# Glock collecting....



## Glockamania® (Dec 21, 2006)

Since I started out with a Glock 35 .40S&W caliber, I'm thinking about collecting the whole .40S&W cal Glocks...specifically in OD Green & with Trijicon night sights.

Reasons: sticking with the same caliber and nothing beats a Glock of course.

What do you guys think?

How would you start your Glock collection? And which ones would you get?


----------



## spyderdude (Dec 24, 2006)

There's nothing wrong with collecting Glocks, especially the models that are chambered in the same calibers. For me, I only have the G19, and I eventually want to get the G34, G17, and the G26. The mag interchangeability is the main reason I want to get all the 9mm Glocks.


----------



## Mike Barham (Mar 30, 2006)

While I can't say I have a desire to "collect" (in the traditional sense) any guns, I do want to have useful guns. Glocks are, to me, the most useful defensive pistols. I currently have three:

- A 26 which has been claimed by the wife.
- A 23 with a grip reduction that will likely become my primary carry gun when I get home.
- A 17 that is the "training gun" for classes and also the home defense backup.

The 26 and the 17 wear Crimson Trace lasergrips. The 23 is "naked."

I don't really have a desire to collect, though, versus having guns that fill particular needs. For example, I would have little use for the competition-oriented 34 or 35.


----------



## GSD17 (Apr 14, 2009)

I collect.

I have:

G17
G17L
G17T
G19 cutaway
G20
G21
G22
G22P
G23
G26
G27
G31
G35
G37


----------



## DeltaNu1142 (Aug 30, 2008)

With that many handguns lying around, who needs spare mags?

No one can judge your desire to collect anything, really. I suppose if it were me, I'd be interested in a collection with a little more variety, rather than running the gamut in .40-cal only.


----------



## David_S (Apr 7, 2009)

Glockamania® said:


> Since I started out with a Glock 35 .40S&W caliber, I'm thinking about collecting the whole .40S&W cal Glocks...specifically in OD Green & with Trijicon night sights.
> 
> What do you guys think?


I'm thinking you must not be married and also have lots of money. 
Lucky son of a ....


----------



## GSD17 (Apr 14, 2009)

My particular interest only lies in GLOCK. I do own several other firearms.

Also, I tend to lean towards harder to obtain models, and older pistols that have evolved over the years.
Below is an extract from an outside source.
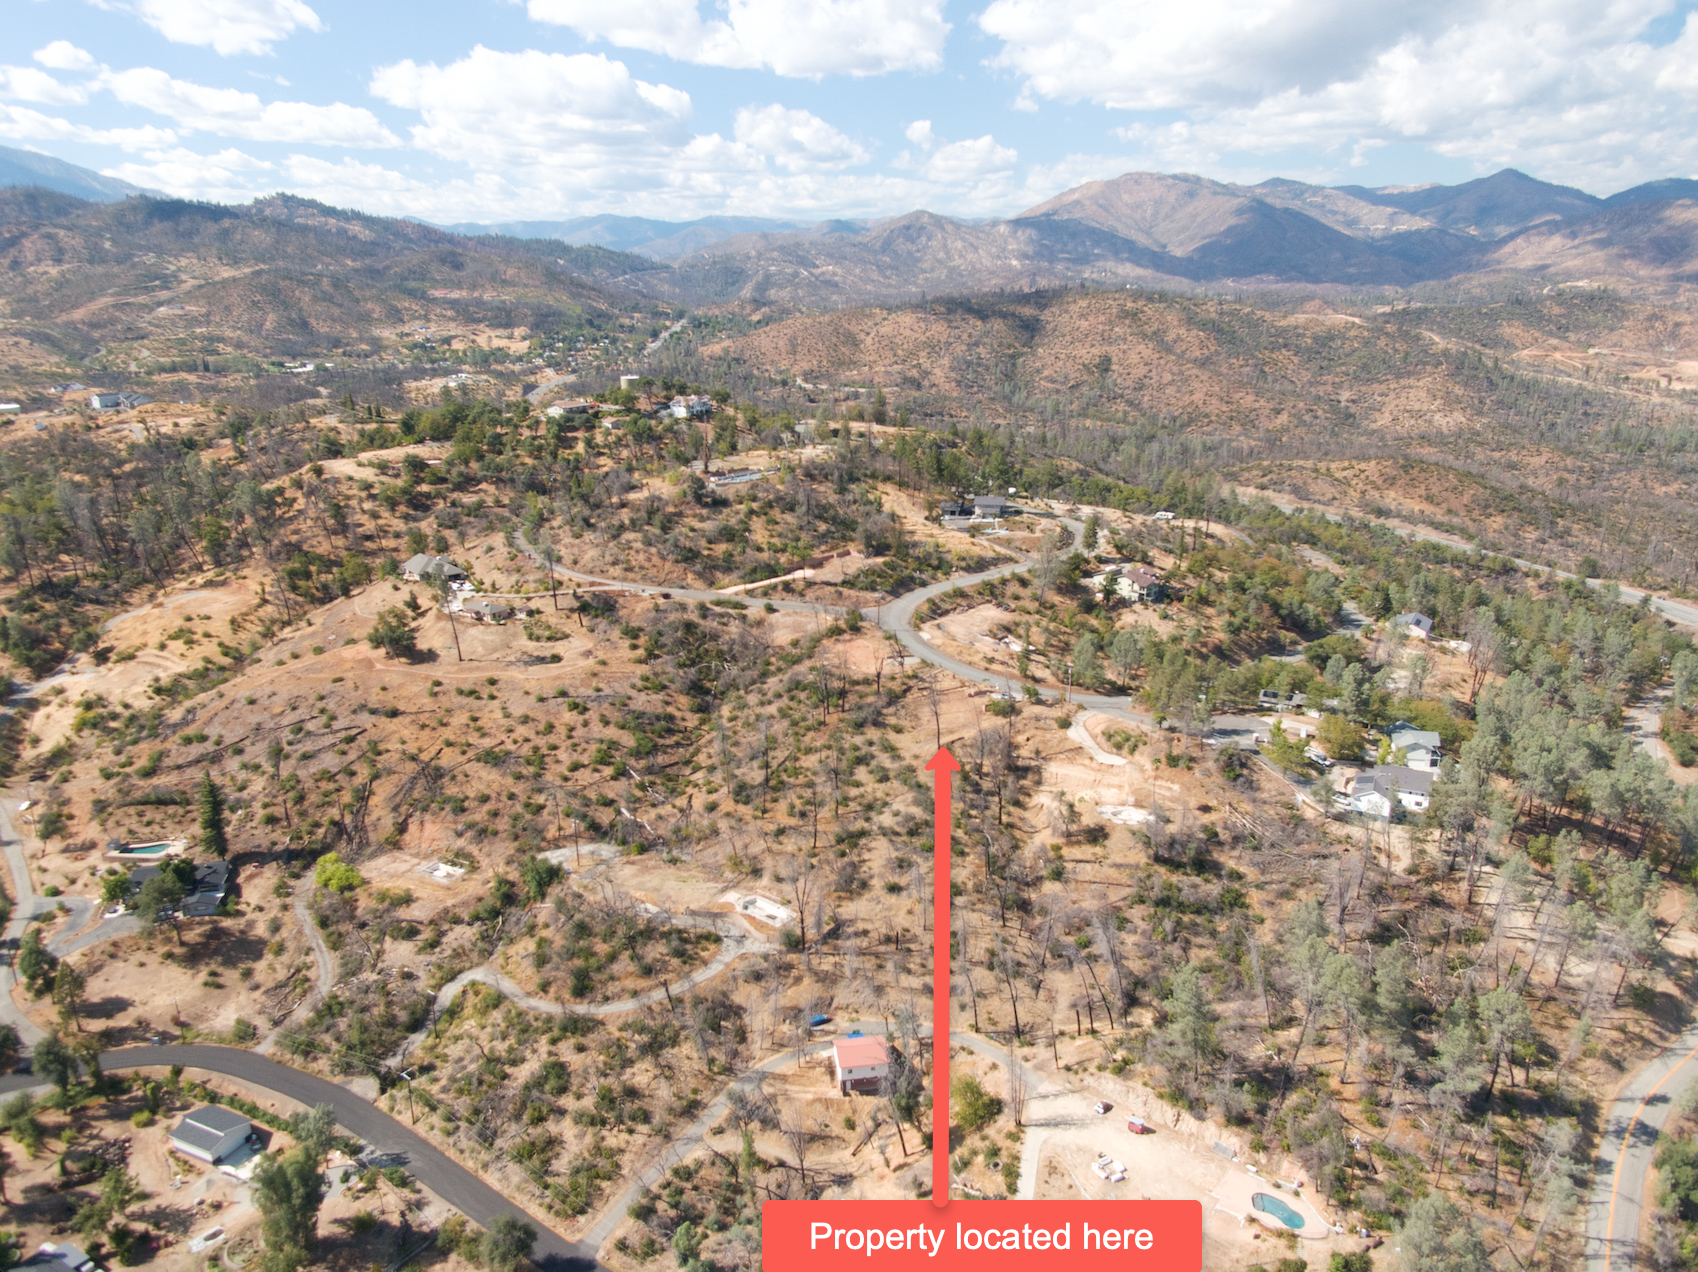 1.46 ACRE LOT WITH ALL UTILITIES READY - 4 MILES FROM DOWTOWN REDDING, CA - SIMILAR LOTS ON THE SAME STREET SELLING FOR $85,000+ - LOT IS AVAILABLE FOR $65,000 FINANCED WITH $8,000 DOWN OR $58,000 CASH

My G17 was my first GLOCK, the one that started me into this mess.
My G17T is pretty tough to get ahold of. I also use it (I am a LEO).
My G17L is a VERY early G17L. The 152nd, actually.
My G19cutaway is pretty hard to find, and is a very early cutaway.
My G20 is just because I love the 10mm.
My G21 was my second GLOCK, bought it because it was cheap.
My G22 was my first duty weapon, and I still carry it at my part time PD. I have another issued to me at my full time PD.
My G22P is a hard to obtain model. It was also used in last year's Shot Show.
My G23 was found cheap.
My G26 was my first baby, to compliment my G17.
My G27 is my daily carry, and is my backup at both PDs.
My G31 was bought for cheap.
My G35 was bought for cheap.
My G37 was bought for cheap.

I am also a GLOCK Certified Armorer and the armorer at both of my agencies.


----------



## knoxrocks222 (May 1, 2008)

^^^^^so now i know who to go to with glock issues<<yea right and questions 

question number one what does the (P) on your 22 stand for


----------



## Lupak (Jun 25, 2008)

first out would be the Glock 17, then a G26 for the backpocket, G17 is the standard issue Glock of the Swedish army btw.


----------